The default stack alignment is 16 bytes, which unimproves performance.

maybe the part of the comment in sys/conf/kern.mk, which mentions that a
stack
alignment of 16 bytes might improve micro benchmark results should be
removed.
this would prevent people (like me) from thinking, using a stack alignment
of
4 bytes is a compromise between size and efficiently. it isn't! currently a
stack alignment of 16 bytes has no advantages towards one with 4 bytes on
i386.

I think the comment is clear enough.  It it mentions all the tradeoffs.
It is only slightly cryptic in saying that these are tradeoffs and that
the configuration is our best guess at the best tradeoff -- it just says
"while" for both.  It goes without saying that we don't use our worst
guess.  Anyone wanting to change this should run benchmarks and beware
that micro-benchmarks are especially useless.  The changed comment is not
so good since it no longer mentions micro-bencharmarks or says "while".

if micro benchmark results aren't of any use, why should the claim that the
default stack alignment of 16 bytes might produce better outcome stay?

Because:
- the actual claim is the opposite of that (it is that the default 16-byte
  alignments is probably a loss overall)
- the claim that the default 16-byte alignment may benefit micro-benchmarks
  is true, even without the weaselish miswording of "might" in it.  There
  is always at least 1 micro-benchmark that will benefit from almost any
  change, and here we expect a benefit in many microbenchmarks that don't
  bust the caches.  Except, 16-byte alignment isn't supported (*) in the
  kernel, so we actually expect a loss from many microbenchmarks that
  don't bust the caches.
- the second claim warns inexperienced benchmarkers not to claim that the
  default is better because it is better in microbenchmarks.

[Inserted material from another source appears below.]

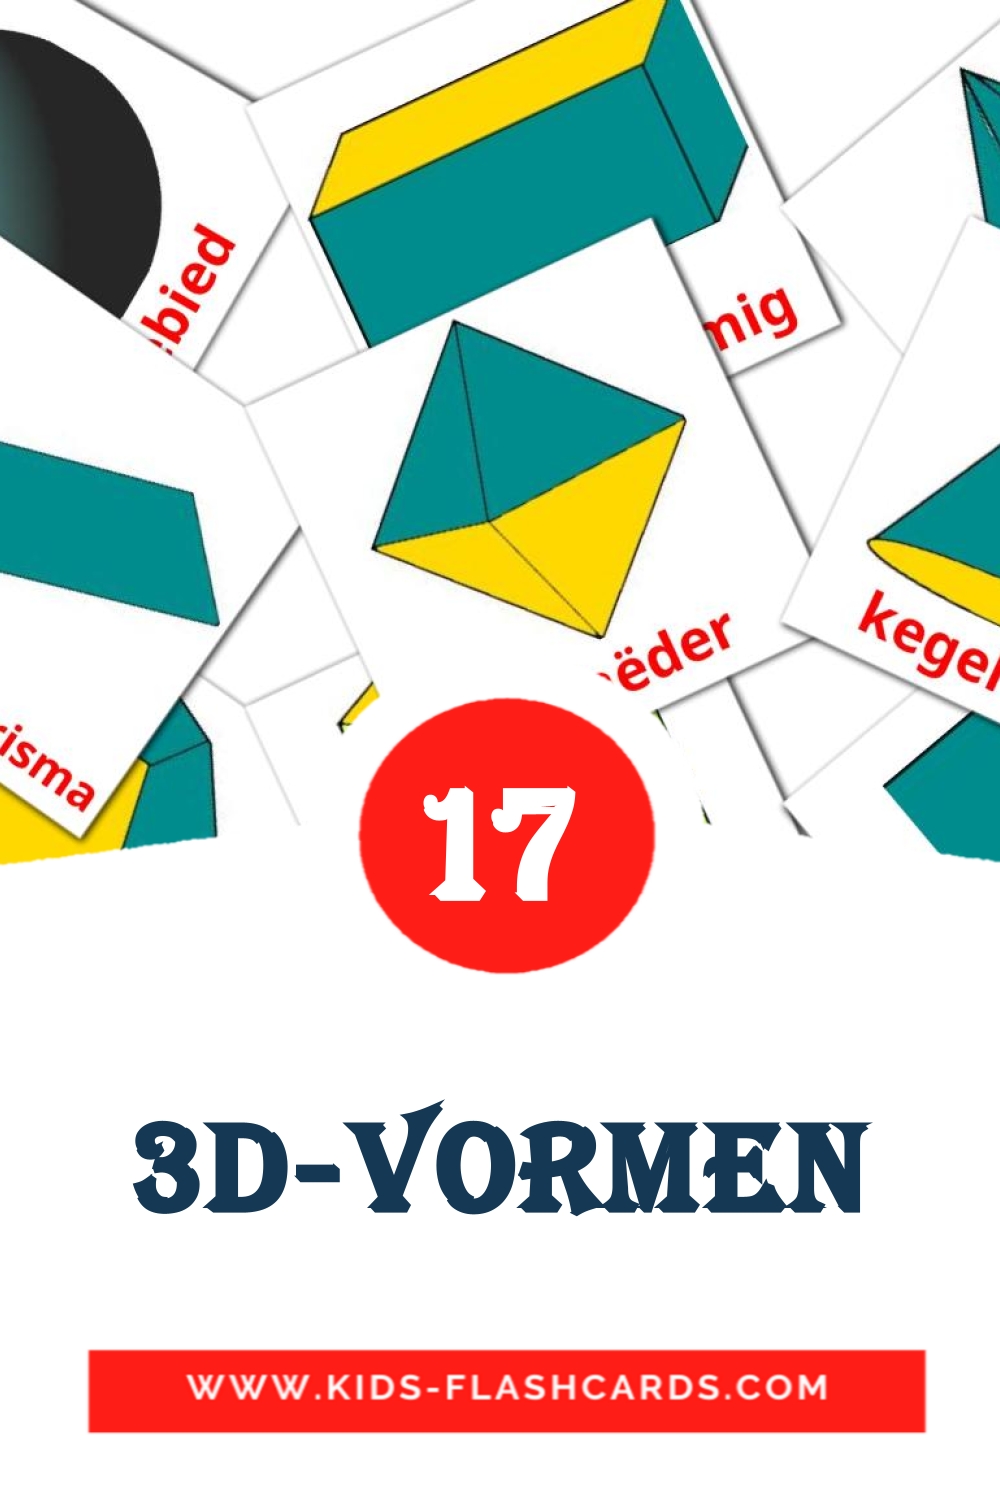 17 3D-vormen Picture Cards for Kindergarden in dutch

it doesn't seem as if anybody has micro benchmarked 16 bytes vs. 4 bytes stack
alignment, until now. so the micro benchmark statement in the comment seems to
be pure speculation.

No, it is obviously true.

even worse...it indicates that by removing the
-mpreferred-stack-boundary=2 flag, one can gain a performance boost by
sacrifying a few more bytes of kernel (and module) size.

No, it is part of the sentence explaining why removing the
-mpreferred-stack-boundary=2 flag will probably regain the "overall loss"
that is avoided by using the flag.

this suggests that the behavior -mpreferred-stack-boundary=2 vs. not specyfing
it, losely equals the semantics of -Os vs. -O2.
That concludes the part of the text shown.